Arkin is no fan of Trump, calling him “an ignorant and incompetent impostor,” but describes his shock at NBC’s reflexive opposition to the president’s “bumbling intuitions” to get along with Russia, to denuclearize North Korea, to get out of the Middle East, and his questioning of the US military’s involvement in Africa.
“I’m alarmed at how quick NBC is to mechanically argue the contrary, to be in favor of policies that just spell more conflict and more war. Really? We shouldn’t get out Syria? We shouldn’t go for the bold move of denuclearizing the Korean peninsula? Even on Russia, though we should be concerned about the brittleness of our democracy that it is so vulnerable to manipulation, do we really yearn for the Cold War?
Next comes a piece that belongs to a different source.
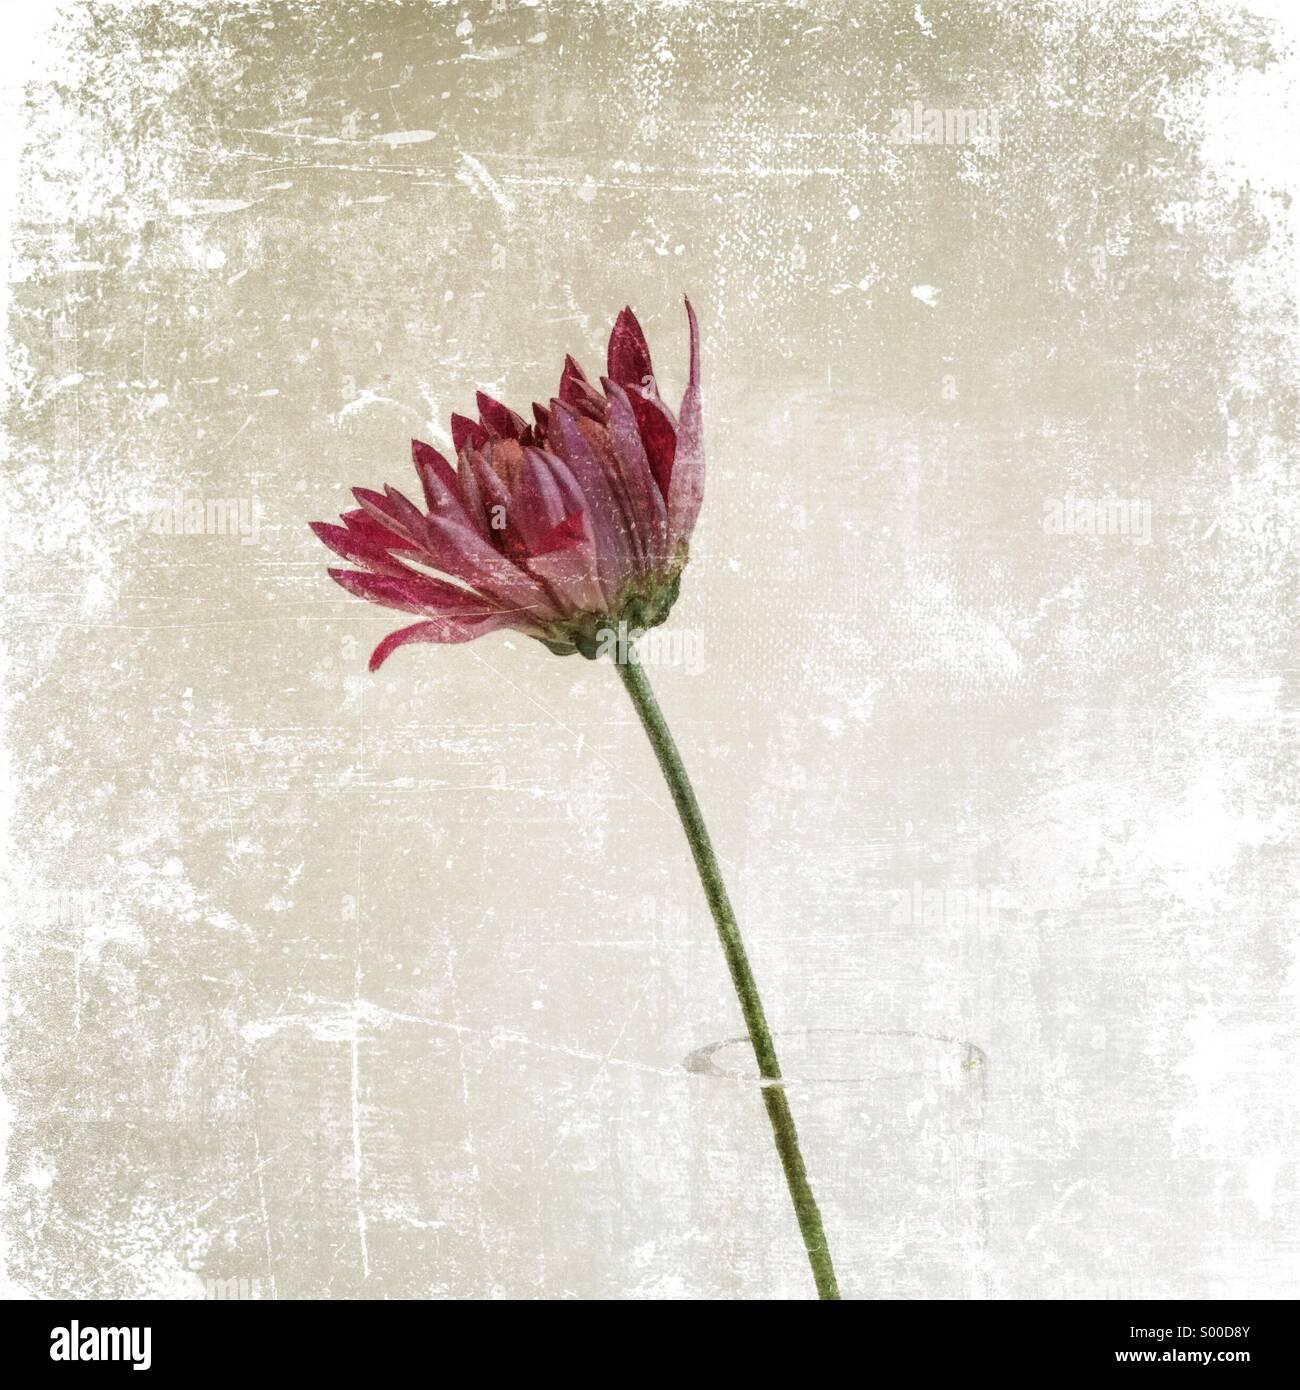 Flor rosa con pétalos ligeramente asqueroso en un jarrón transparente. Still life texturado Imagen De Stock

And don’t even get me started with the FBI: What? We now lionize this historically destructive institution?”
“There’s a saying about consultants, that organizations hire them to hear exactly what they want to hear,” Arkin writes in the conclusion of his statement. “ I’m proud to say that NBC didn’t do that when it came to me. Similarly I can say that I’m proud that I’m not guilty of giving my employers what they wanted. Still, the things this and most organizations fear most — variability, disturbance, difference — those things that are also the primary drivers of creativity — are not really the things that I see valued in the reporting ranks.”
That’s about as charitably as it could possibly be said by a skeptical tongue. Another way to say it would be that plutocrat-controlled and government-enmeshed media networks hire reporters to protect the warmongering oligarchic status quo upon which media-controlling plutocrats have built their respective kingdoms, and foster an environment which elevates those who promote establishment-friendly narratives while marginalizing and pressuring anyone who doesn’t. It’s absolutely bizarre that it should be unusual for there to be a civilian analyst of the US war machine’s behaviors in the mainstream media who is skeptical of its failed policies and nonstop bloodshed, and it’s a crime that such voices are barely holding on to the fringes of the media stage. Such analysts should be extremely normal and commonplace, not rare and made to feel as though they don’t belong.